The tension is to be in the world but not of the world. If this were simply a matter of great discipline, we could do this. This isn’t an issue of the flesh, but an issue of the spirit.
If we are of the flesh, if our desires are immoral, and if we despise authority – God views those things the same way He views false teaching.
1. False teachers and their kind will not escape judgment.
There’s something innate in the human heart that knows what’s wrong. When the human heart no longer sees wrong, that’s when we become vulnerable to false teaching.
God’s not malevolent or capricious, but all of us are headed to hell and only those who respond by faith are considered righteous.
2. All of creation is accountable to God.
The reason things are falling apart is not human condition alone, but because of the context we live in – like our bodies, no matter how well we care for our bodies, we’re going to die – no matter how perfectly our world was created, it is fallen.
To despise authority is nothing new. When Jesus Christ lived, there was a malevolent dictator named Herrod. He was a megalomaniac who enslaved people all over the world.

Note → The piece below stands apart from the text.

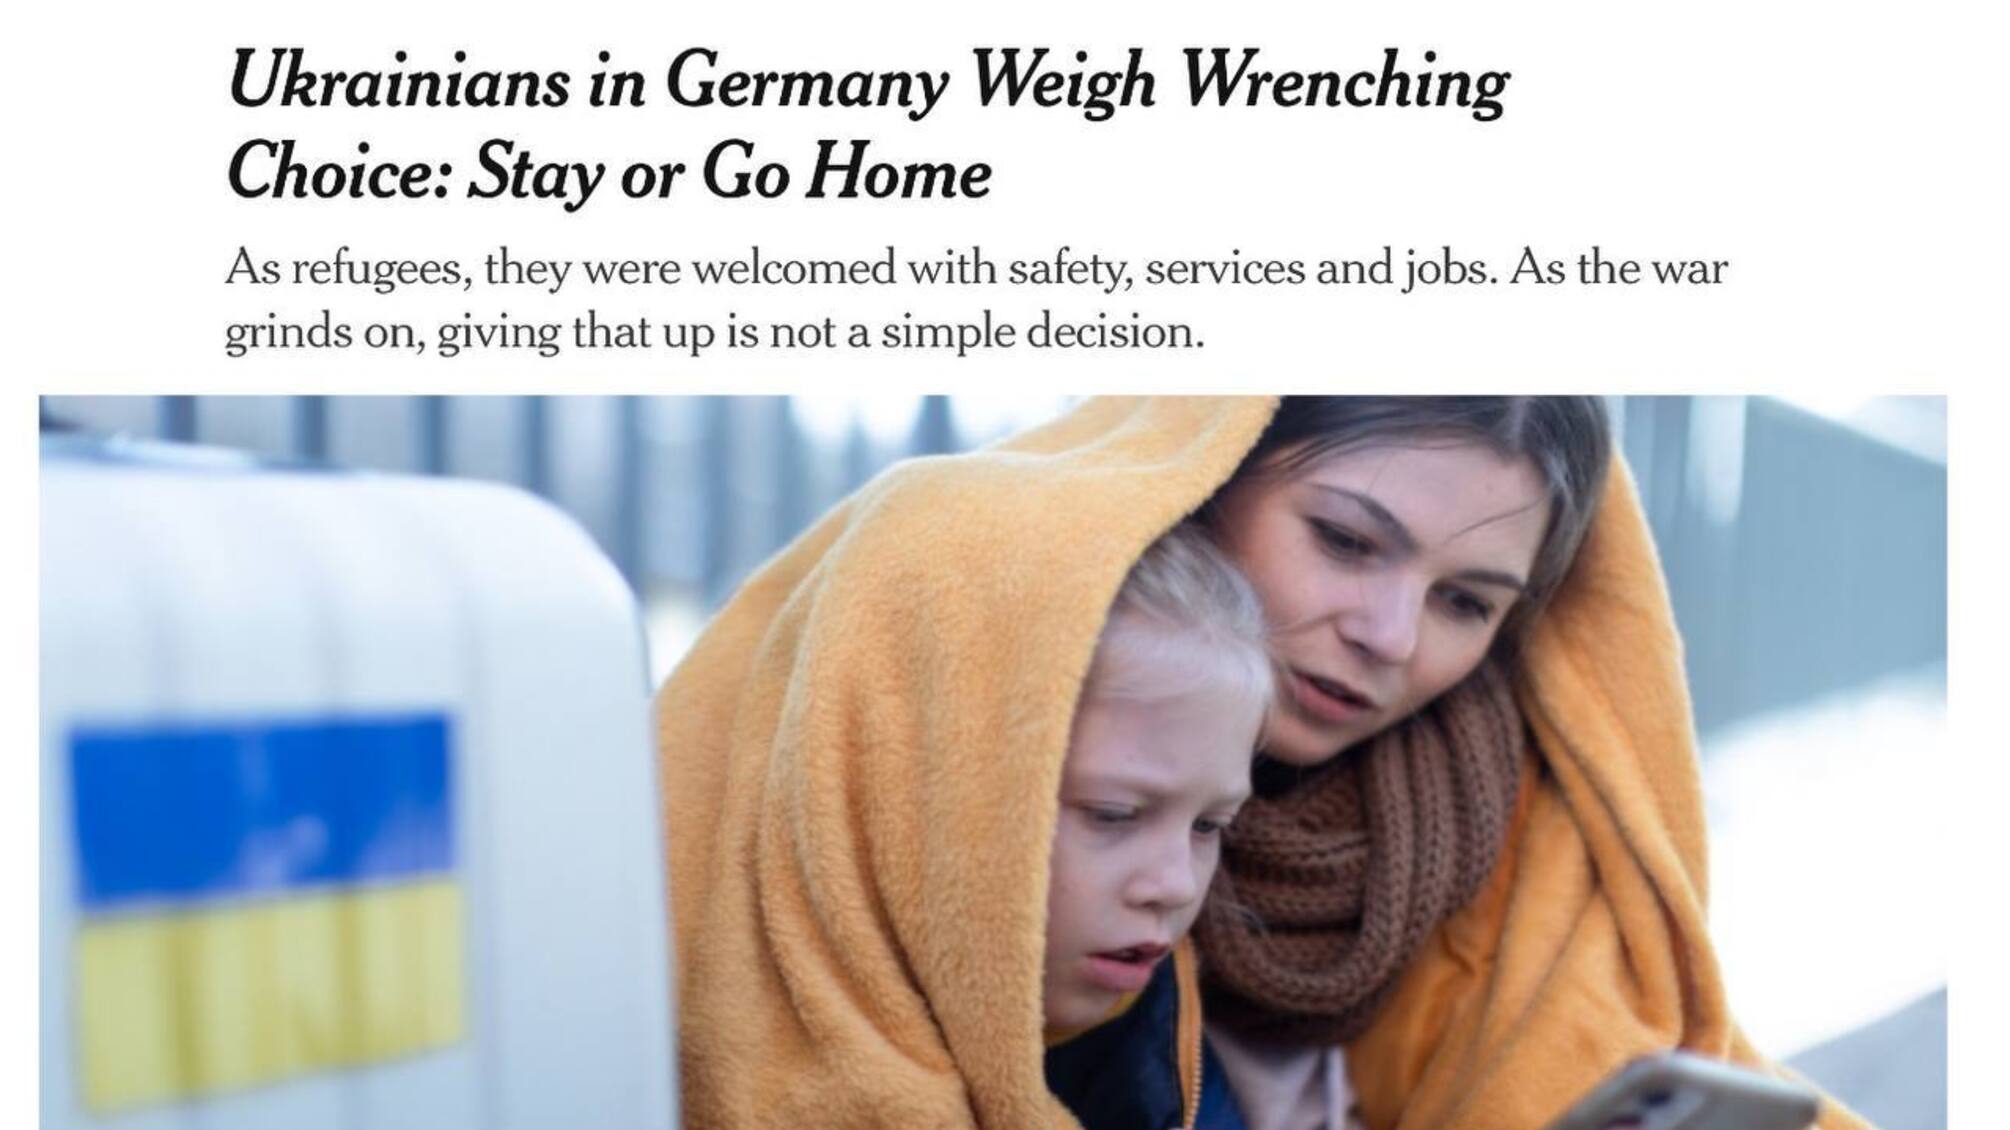  Германия предлагает украинским беженкам долгосрочное будущее в их стране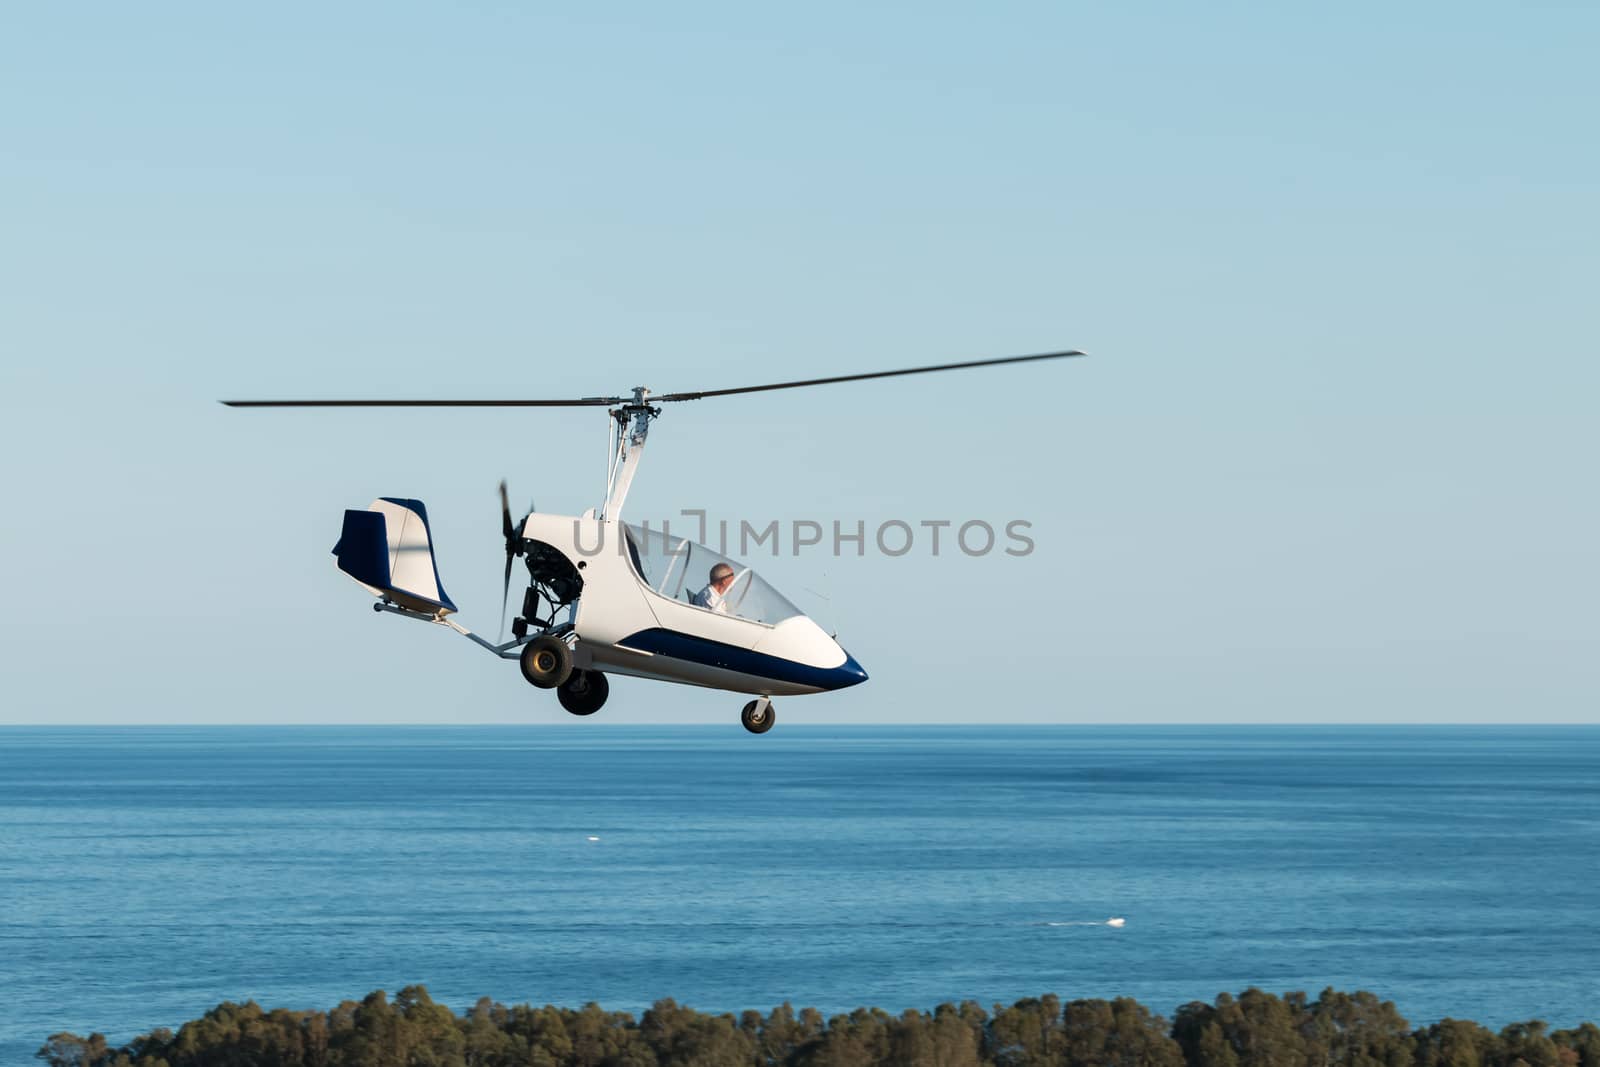 Gyrocopter by bolkan73

Jesus says one thing about authority: Render to Caesar what is Caesar’s, render to God what is God’s. We are to respect authority.
John 17: 13-19
Jesus is saying, God, will you set them apart in a crazy culture in truth. Don’t just spare them from the crazy, set them apart in truth.
1 John 2:15-16
You and I are to be other-worldly creatures in a world that is not our home, and trust that He will rectify and make right what is unjust.